Что еще я припомню об этой далекой поре,
Где портреты вождей и дотла разоренные церкви?
Наши ранние строки сожгли в институтском дворе
И развеяли пепел - я выше не знаю оценки.

И когда вспоминаю о времени первых потерь,
Где сознание наше себя обретало и крепло,
Не костры экспедиций стучатся мне в сердце теперь,
А прилипчивый запах холодного этого пепла.
Над клевером зависшая пчела
(А.Городницкий)
Над клевером зависшая пчела,
Мохнатая, в тигриной позолоте,
Как уголёк негаснущий светла,
И тяжела, как пуля на излёте.

Короткий век свой жить какой ей толк
С соцветиями липкими в обнимку?
Что значит для неё любовь и долг,
И Родина?
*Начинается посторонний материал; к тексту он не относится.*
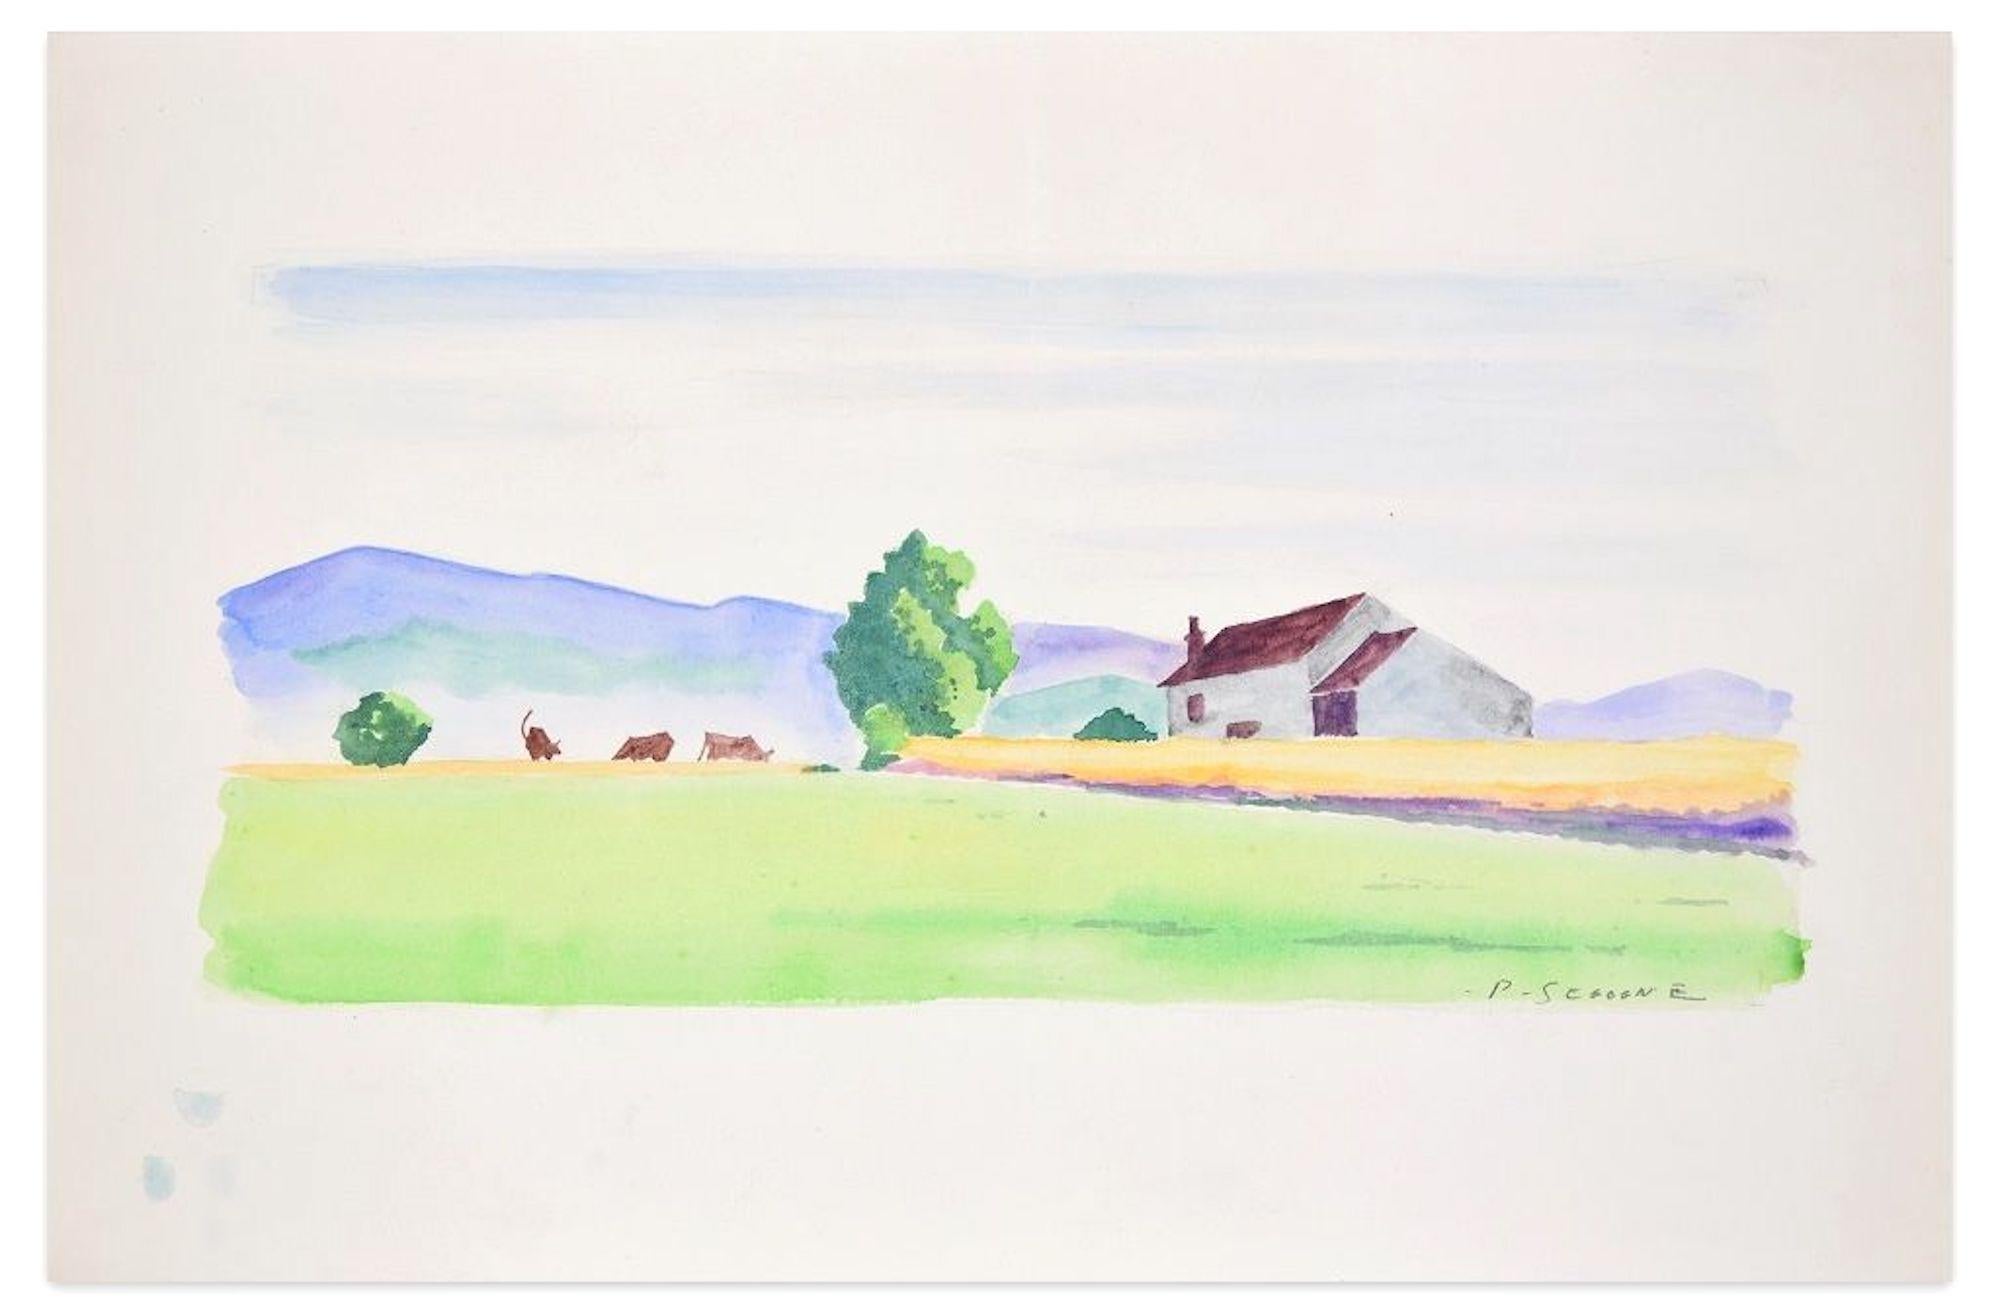 Countryside - Original Watercolor on Paper by Pierre Segogne - 1950s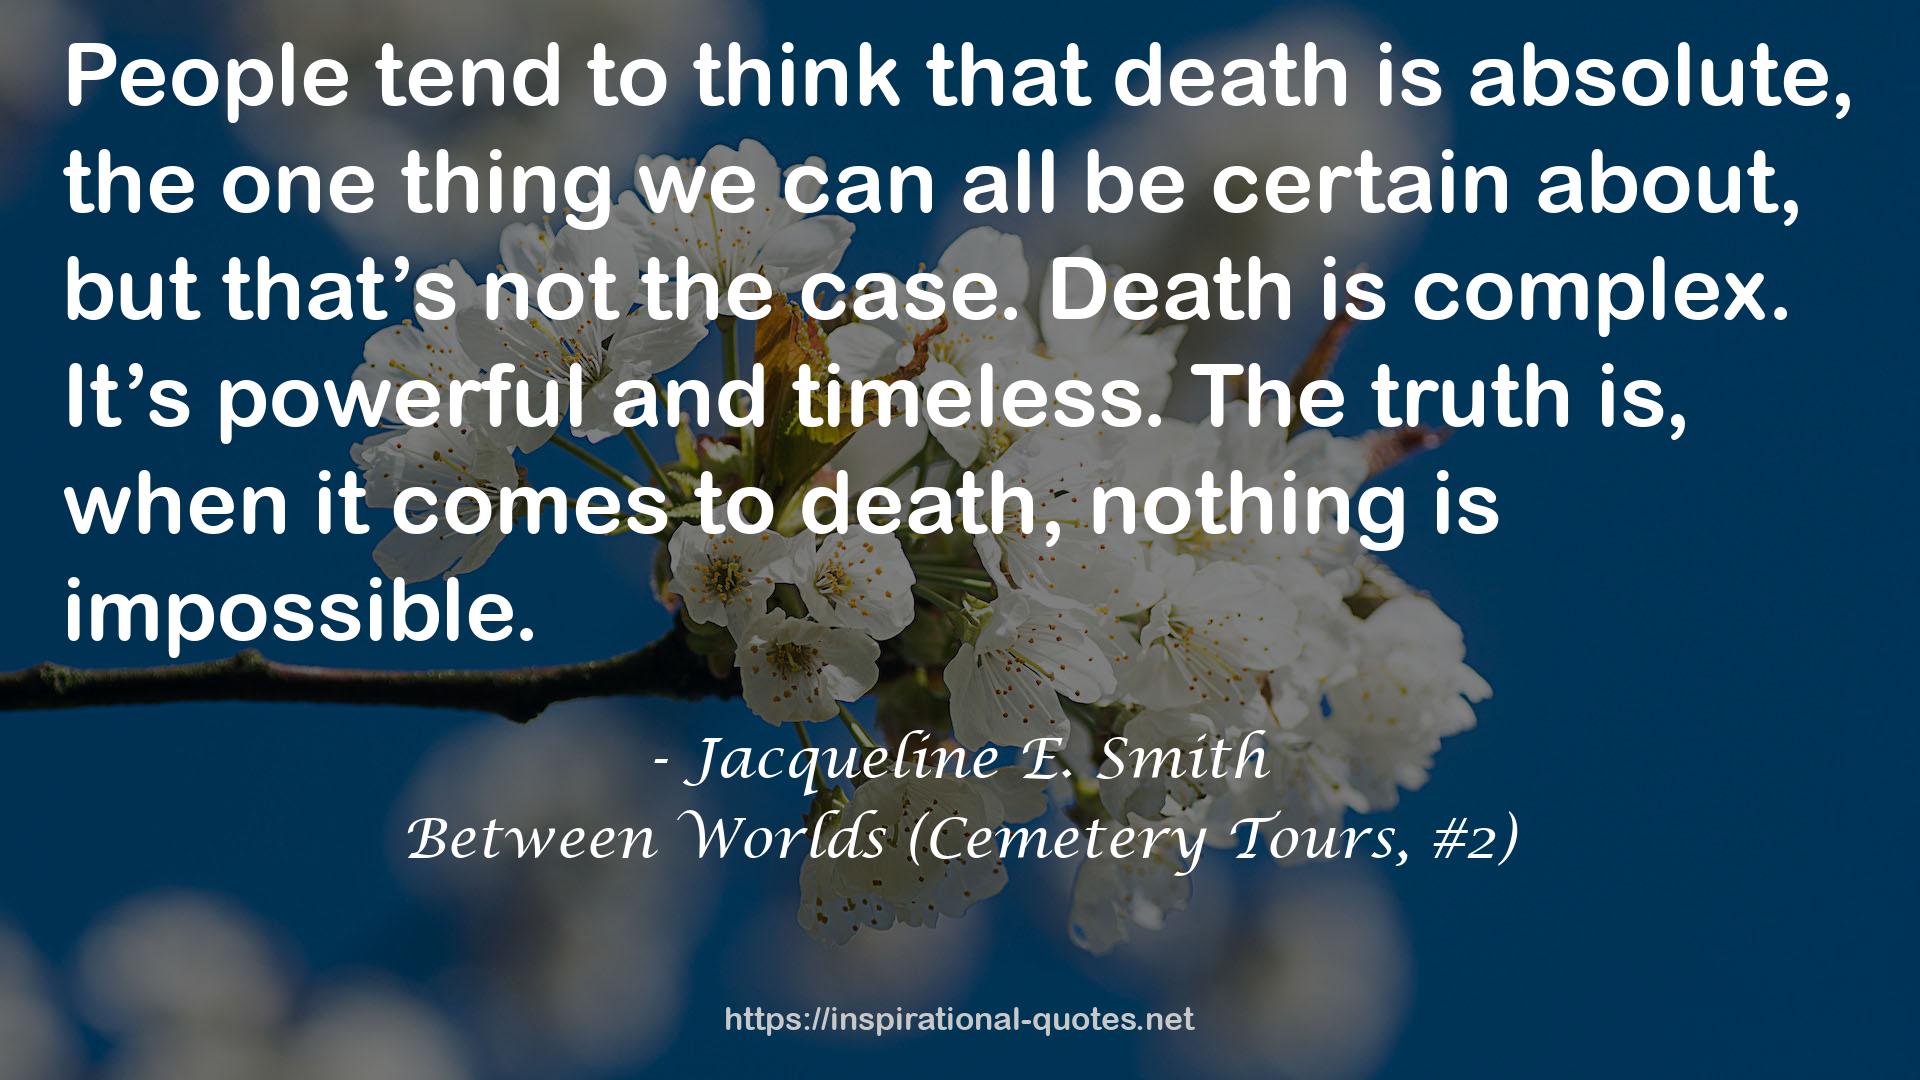 Between Worlds (Cemetery Tours, #2) QUOTES

Согласно Метерлинку,

Неизмеримо больше, чем для нас.
Мы чужаки в рассветном этом дыме.
Мерцающий в тумане Волопас
Не нас пасёт под звездами своими.

Нам не вписаться в гармоничный ряд
Земных зверей, растений и мелодий,
Где о свободе вслух не говорят,
А просто умирают в несвободе.

И сколько к мирозданью ни вяжись,
Любое рассуждение напрасно
О смысле бытия, поскольку жизнь
Бессмысленна, недолга и прекрасна.
Памяти Леонида Агеева
(А.Городницкий)
Снова провожаем мы друг друга,
Словно в институтские года,
В те края, где не стихает вьюга,
Реки несвободны ото льда.

В этот дом старинный на Покровке,
Помнится, в такой же вот мороз
Синий тортик вместо поллитровки
Кушнер по наивности принес.

За начало новых экспедиций
Стопку поминальную налей,
Трудновато будет возвратиться
Из далёких нынешних полей.

В том краю, где не бывает хлеба,
Как и встарь, без вилки и ножа,
Все мы соберёмся возле Глеба,
Рюмки невесомые держа.

А пока что молча, без улыбки,
Вспоминаем посреди зимы
Тот квартал болотистый и зыбкий,
Где живали некогда и мы.

Где, гордясь горняцкою фуражкой,
По асфальту шел я, молодой,
И мерцала медленная Пряжка
Чёрной непрозрачною водой.
Памятник
(А.Городницкий)
Я обошёл все континенты света,
А город мой всё тот же с давних пор,
Там девочка, склонясь у парапета,
Рисует мост, решётку и собор.

Звенят трамваи, чаек заглушая,
Качает отражения вода.
А я умру, и "часть меня большая"
Не убежит от тлена никуда.

Моих стихов недолговечен срок.
Бессмертия мне не дали глаголы.
Негромкий, незапомнившийся голос
Сотрут с кассет, предпочитая рок.

Прошу иного у грядущих дней,
Другая мне нужна Господня милость, -
Чтобы одна из песен сохранилась,
Став общей, безымянной, не моей.

Чтобы в глухой таёжной стороне,
У дымного костра или под крышей,
Её бы пели, голос мой не слыша,
И ничего не зная обо мне.
Переименование
(А.Городницкий)
Твой переулок переименован,
И улица Мещанской стала снова,
Какой она когда-то и была,
А ты родился на Второй Советской,
И нет у тебя другого места
И улицы, — такие вот дела.

О, бывшая одна шестая суши,
Где не умеют строить, не разрушив!
В краю всеразрушающих идей
От торопливой удержусь оценки:
Вчера ещё доламывали церкви,
Теперь ломают статуи вождей.

Истории людской досадный выброс, —
Но я как раз родился в нём и вырос, —
Вся жизнь моя в десятках этих лет,
И сколько бы ни жил под облаками,
Я помню ленинградскую блокаду,
А петербургской не припомню, нет.

Давно уже забыты песни эти,
Становятся чужими наши дети,
Исчезли с карты наши города.
Нас как бы вовсе не было на свете,
И ни один историк не ответит,
Зачем мы жили, где или когда.

В краю, где опустели пьедесталы,
Мы доживаем жизнь свою устало,
И оборвётся наш недолгий след
На улице, что имя поменяла,
В том городе, которого не стало,
И в той стране, которой больше нет.
Плавание
(А.Городницкий)
Невозможно на сфере движение по прямой.
Отвыкаешь со временем Ост отличать от Веста,
Ведь куда бы ни плыл ты — в итоге придёшь домой,
Постарев на полгода, а значит — в другое место.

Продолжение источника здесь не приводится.